King Edward was on the dais above the assembly of nobles, his hands curled around the arms of his throne. He wore his fifty-five years heavily this morning, the pallid light filtering through the hall’s high windows turning his hair to coarse silver and highlighting the droop of his eye, the defect inherited from his father. John de Warenne and Anthony Bek had joined the king on the platform along with several black-robed clerks. The rest of the company were packed in on benches that faced the throne, their heads turned towards the Seneschal of Gascony, who was speaking.

‘After the order came from England that we were to surrender the towns temporarily, we waited for King Philippe’s men to arrive and take our posts.’ The seneschal looked up at Edward. ‘But it wasn’t just officials who came, my lord. It was an army.’ His voice strengthened with feeling. ‘They told us that Philippe had declared the duchy forfeit and he was now its ruler. The knights that poured into Bordeaux and the Agenais, Bayonne and Blaye told our men the same thing. They said Gascony was no longer English territory and that if we ever returned the soil would run with English blood.’

‘How could this have happened?’ said the Earl of Arundel, rising as the seneschal finished speaking. ‘My lord,’ he said, facing Edward, ‘none here could have known that King Philippe had no intention of returning Gascony to you after its surrender, or that the peace agreement and marriage settlement were nothing but ruses intended to force you to yield the duchy without a struggle. But what I cannot comprehend is how his lies were so readily believed?’ He looked around the hall. ‘And why none of us was consulted on the terms Earl Edmund delivered from Paris? I think I speak for many when I say we would have strongly urged the sealing of the peace agreement before the duchy was ceded.’

Robert, some distance back, craned his head to look at the Earl of Lancaster, seated in silence on one of the benches. He had initially been surprised to see the king’s brother on the floor with the barons and knights, rather than on the dais, but it seemed this was perhaps punishment for Earl Edmund’s handling of the negotiations in Paris, which had ended in this disaster. If it had been Edward’s intention to make an example of his younger brother, however, it didn’t seem to have worked, for few of the noblemen present were blaming the withdrawn Earl of Lancaster, all their anger instead directed to the throne.

‘The king did consult,’ responded John de Warenne roughly, ‘with his officials.’

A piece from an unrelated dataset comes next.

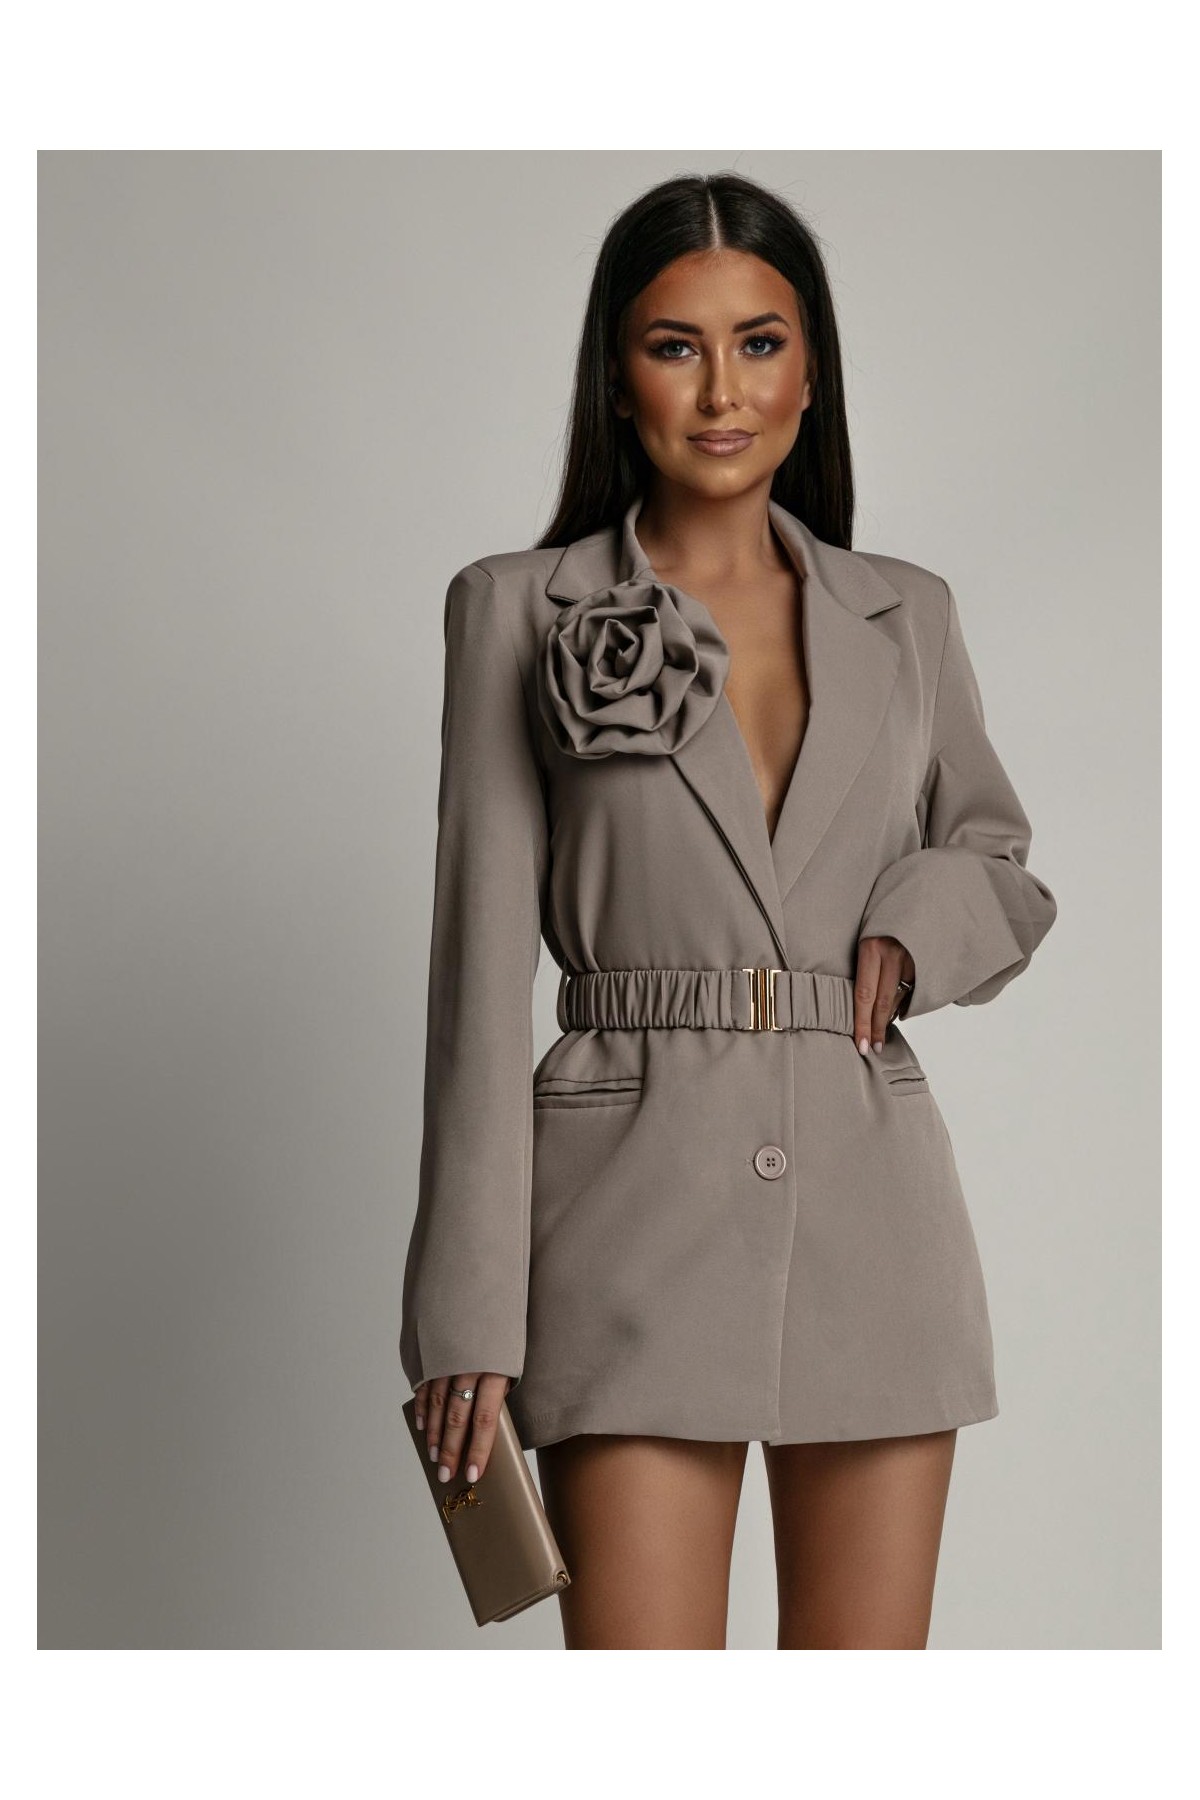 Women's blazer with belt and cappuccino flower

Warenne, his flint-grey hair cropped brutally close to his head and his stare bellicose, seemed more aggressive than Robert remembered. He wondered if the change in the earl’s character might be due to the recent death of his daughter, John Balliol’s wife.

The Earl of Gloucester, a beefy man with thinning auburn hair, got to his feet. On the bench beside the earl, Robert saw the elderly nobleman who had criticised the king at the feast the evening before.

‘He may have consulted them,’ said Gloucester, his strident voice echoing, ‘but from what I heard, our lord dismissed the advice of those closest to him in favour of his own counsel. The chancellor advised him to reject the terms from Paris, as the rest of us would have done if presented with them.’ He turned his belligerent gaze on the king. ‘My question, Lord King, would be why. If I did not already know the answer.’

As the Earl of Gloucester’s words rang accusingly, Robert’s gaze remained on the king. He had never imagined the man on that throne, above all others except for God, so privileged, so powerful, could appear vulnerable, but Edward did – vulnerable and alone – a rigid mast thrust above a sea of accusatory faces. Recognising something occasionally glimpsed in his father and grandfather, Robert realised he was looking at the isolation that came with power. Perhaps the Comyns had the right idea: to be close enough to the throne to control it, but not so close as to become the object of men’s discontent.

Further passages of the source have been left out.